▶ _Task objective_: The whole listing below must be printed again exactly, images excluded.

▶ _Collected data_:
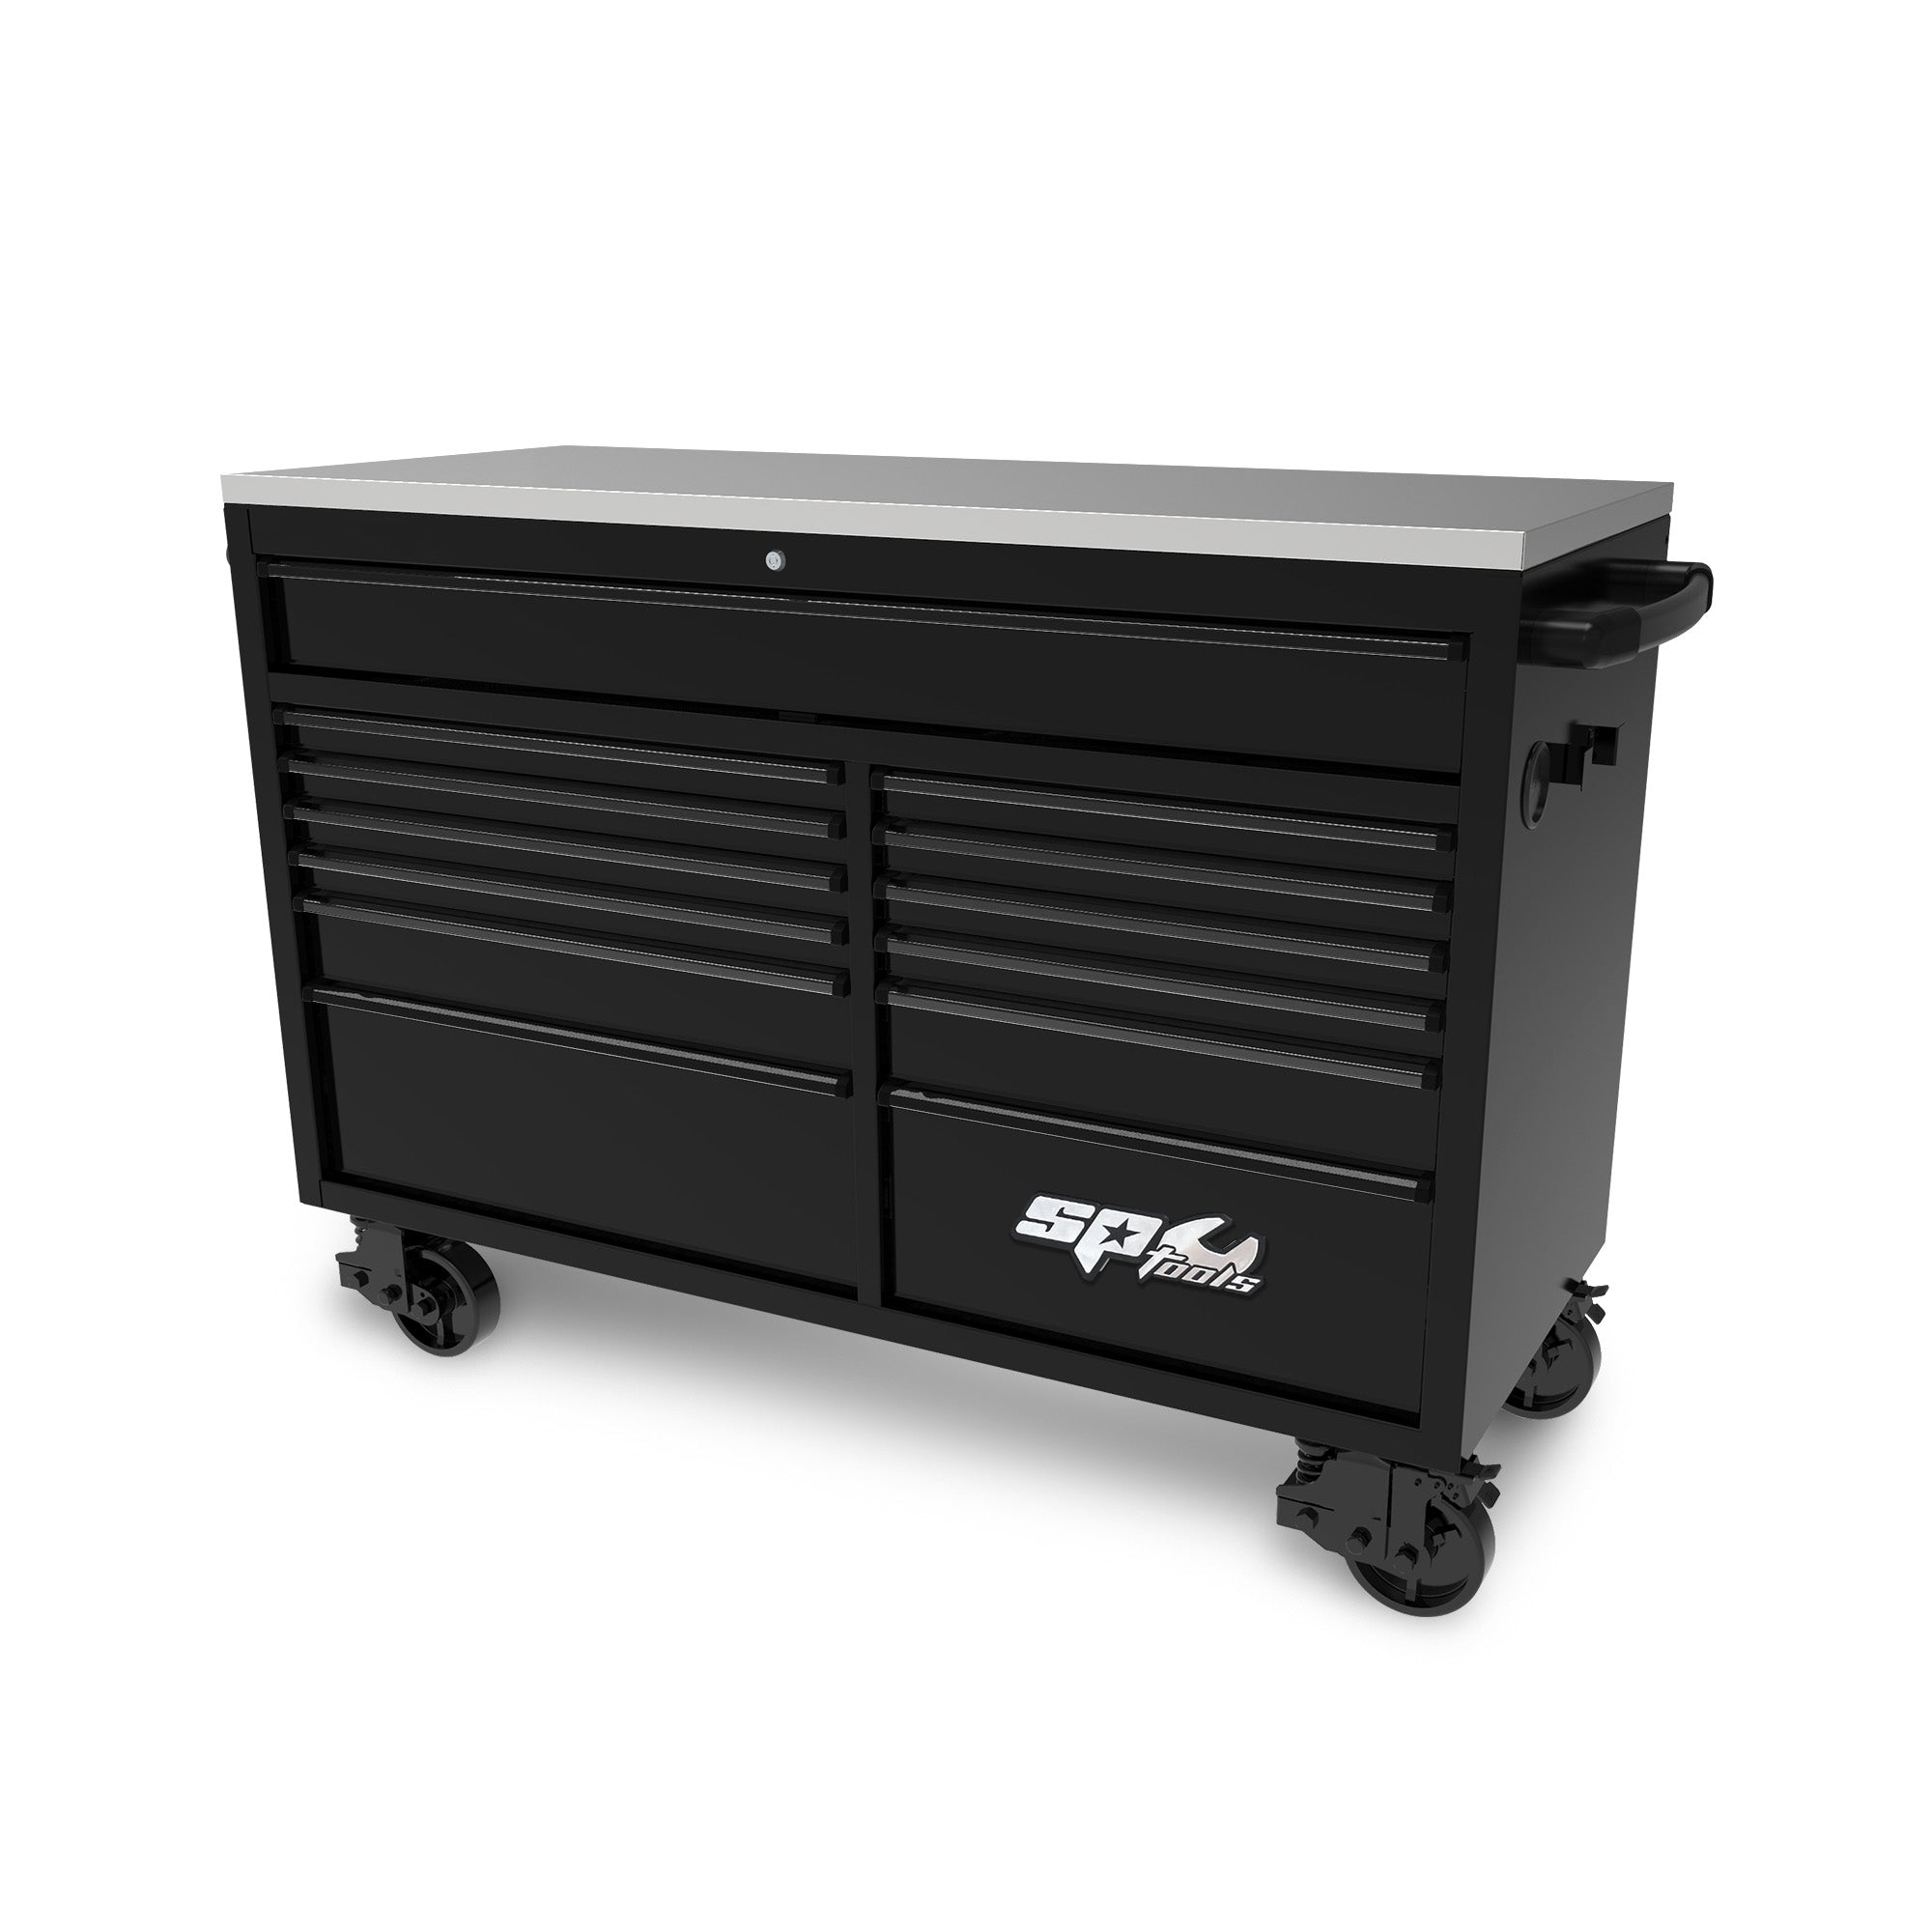 59" 13 Drawer Double Bank Toolbox Matte Black w/ Red Trim
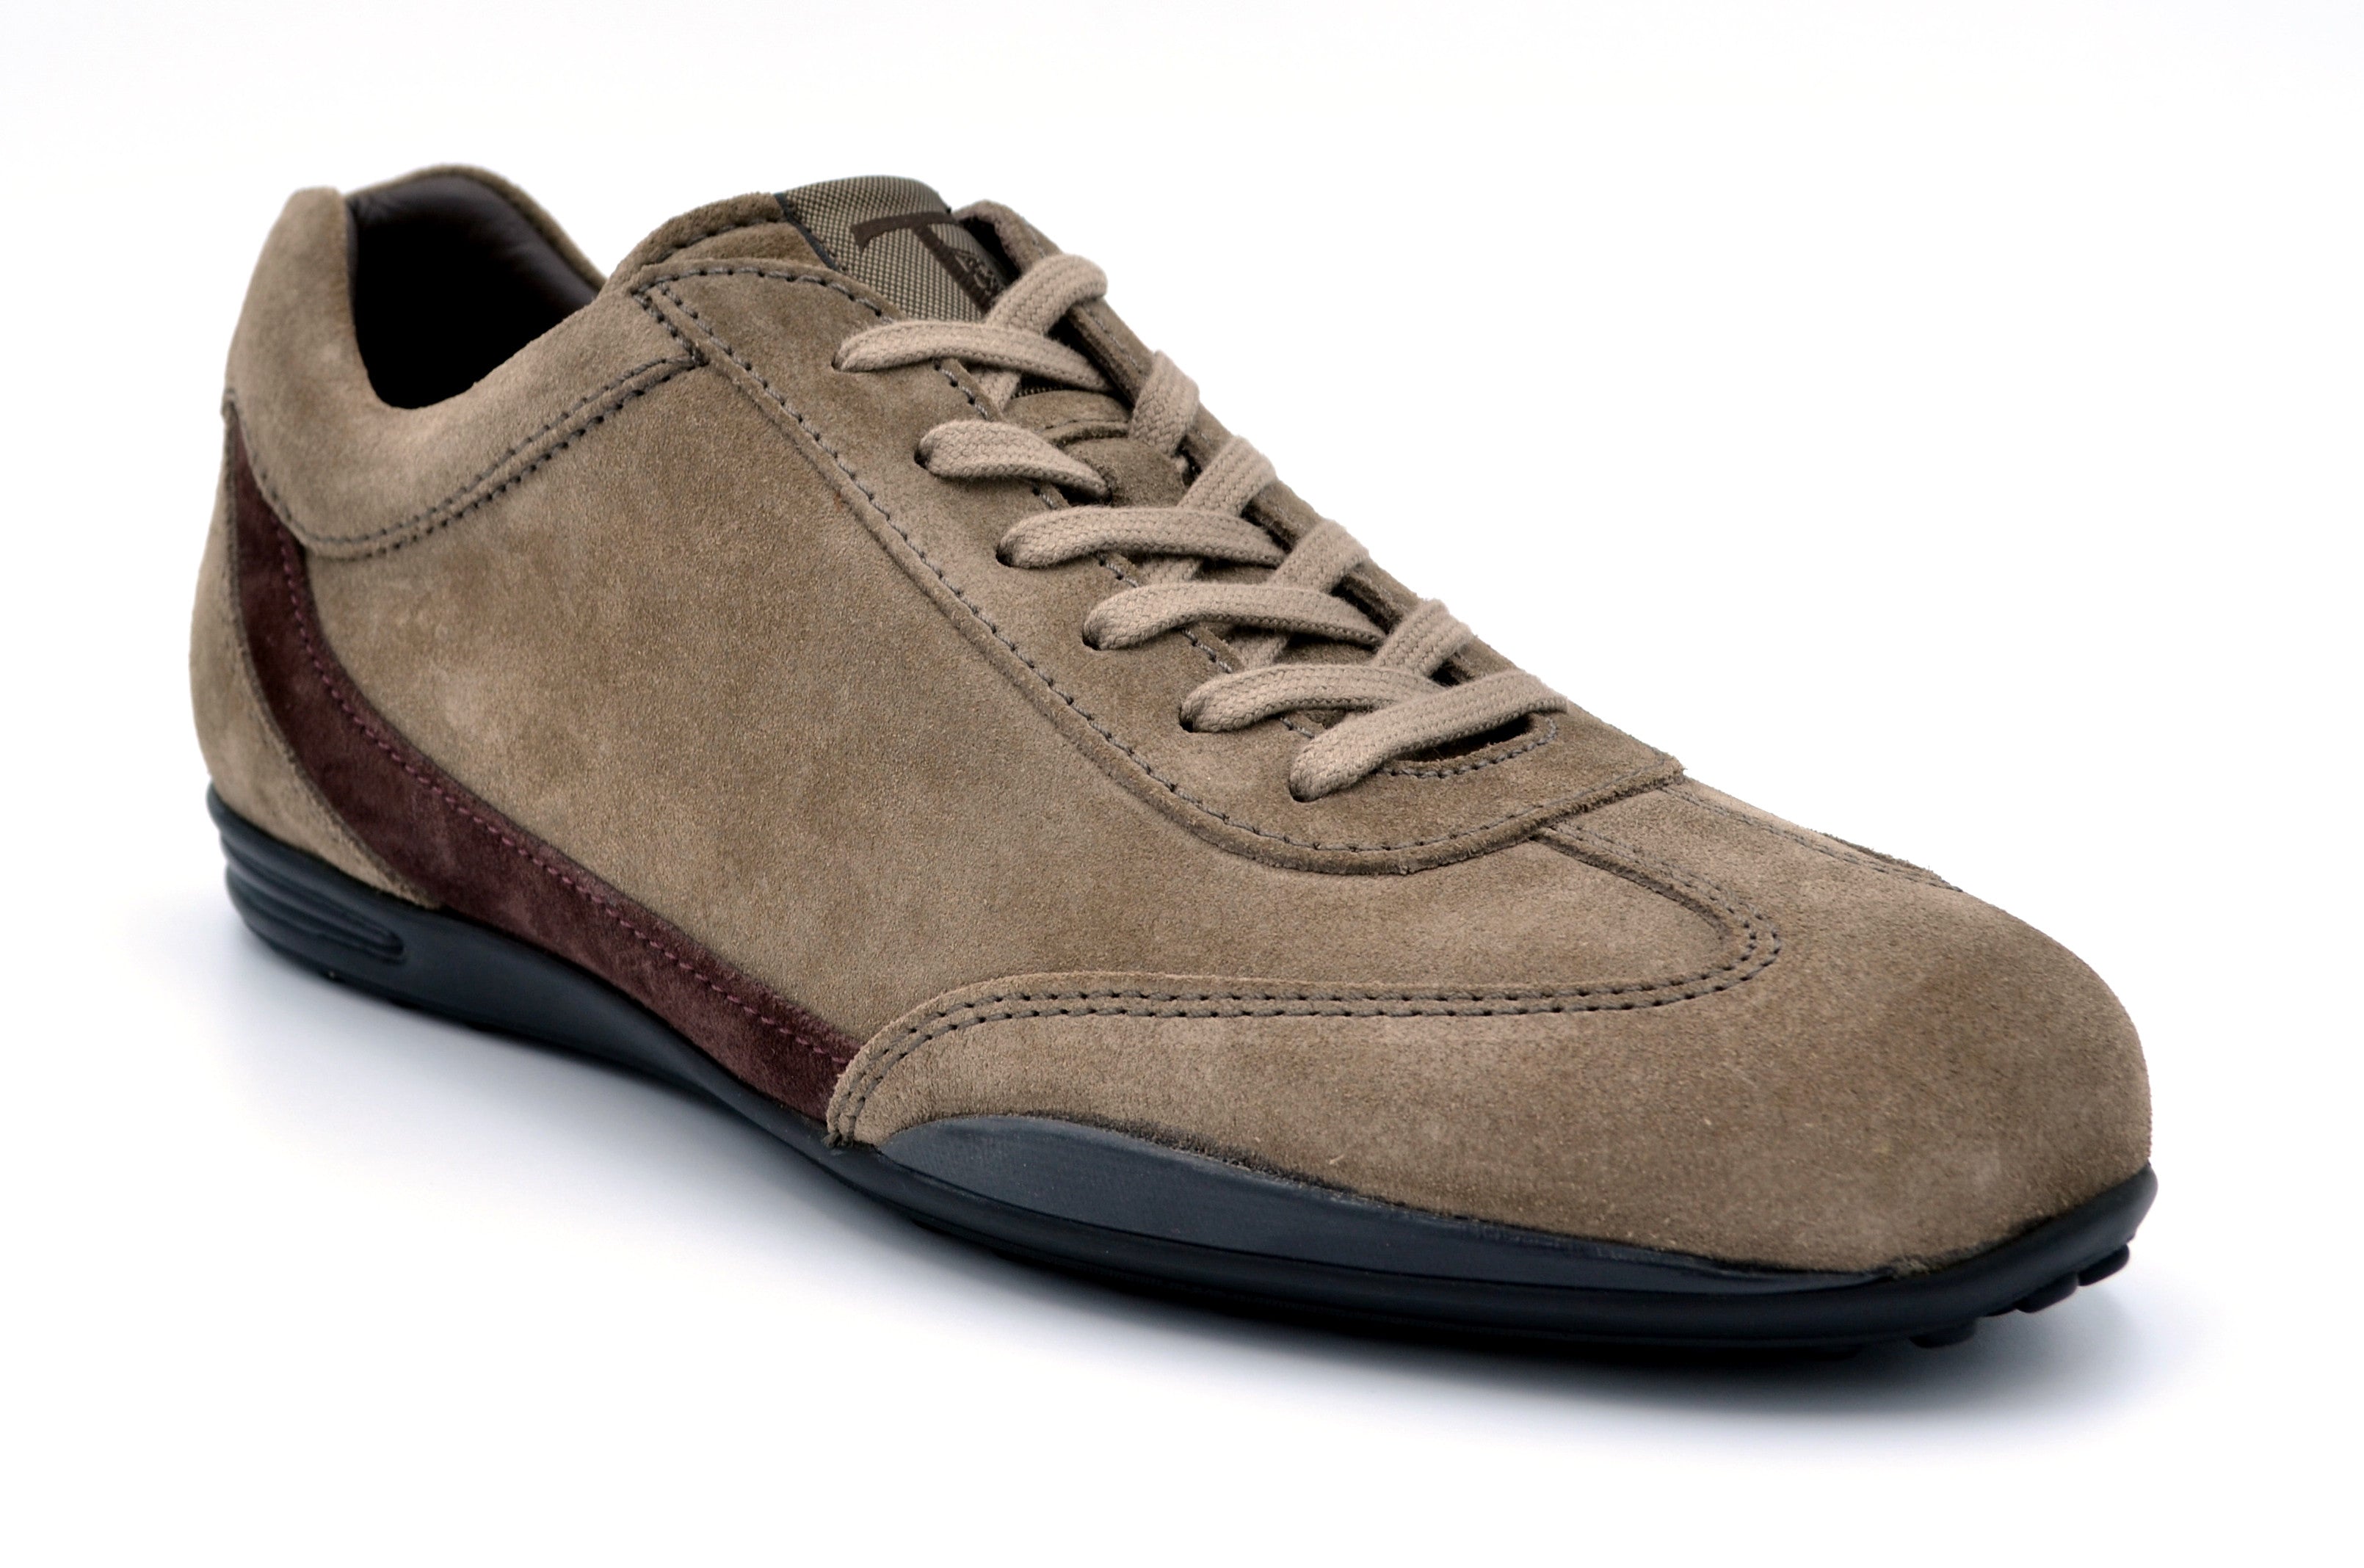 Urban Project light suede
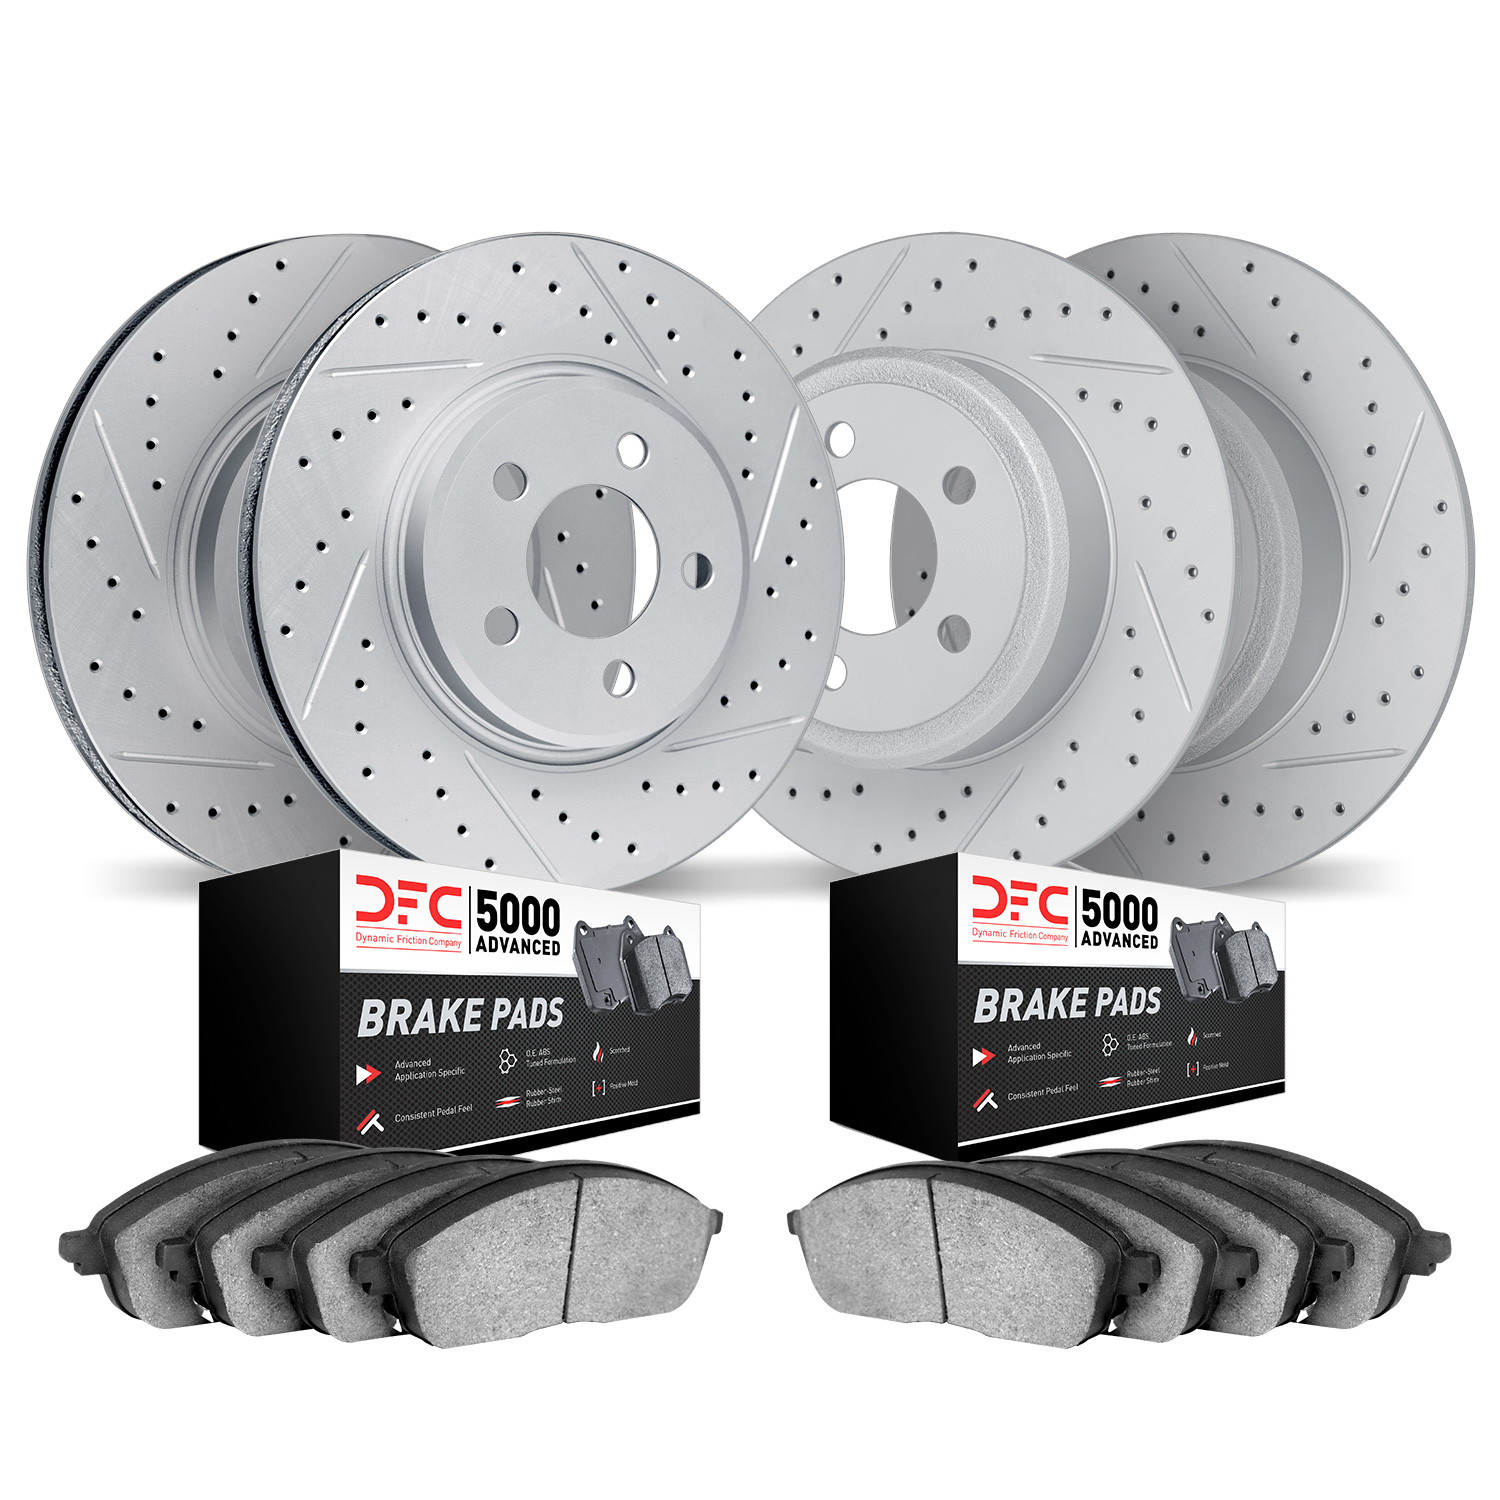 2504-59070 Geoperformance Drilled/Slotted Rotors w/5000 Advanced Brake Pads Kit, 2006-2014 Acura/Honda, Position: Front and Rear

▶ _Finished task_:
 59" 13 Drawer Double Bank Toolbox Matte Black w/ Red Trim
 Urban Project light suede
 2504-59070 Geoperformance Drilled/Slotted Rotors w/5000 Advanced Brake Pads Kit, 2006-2014 Acura/Honda, Position: Front and Rear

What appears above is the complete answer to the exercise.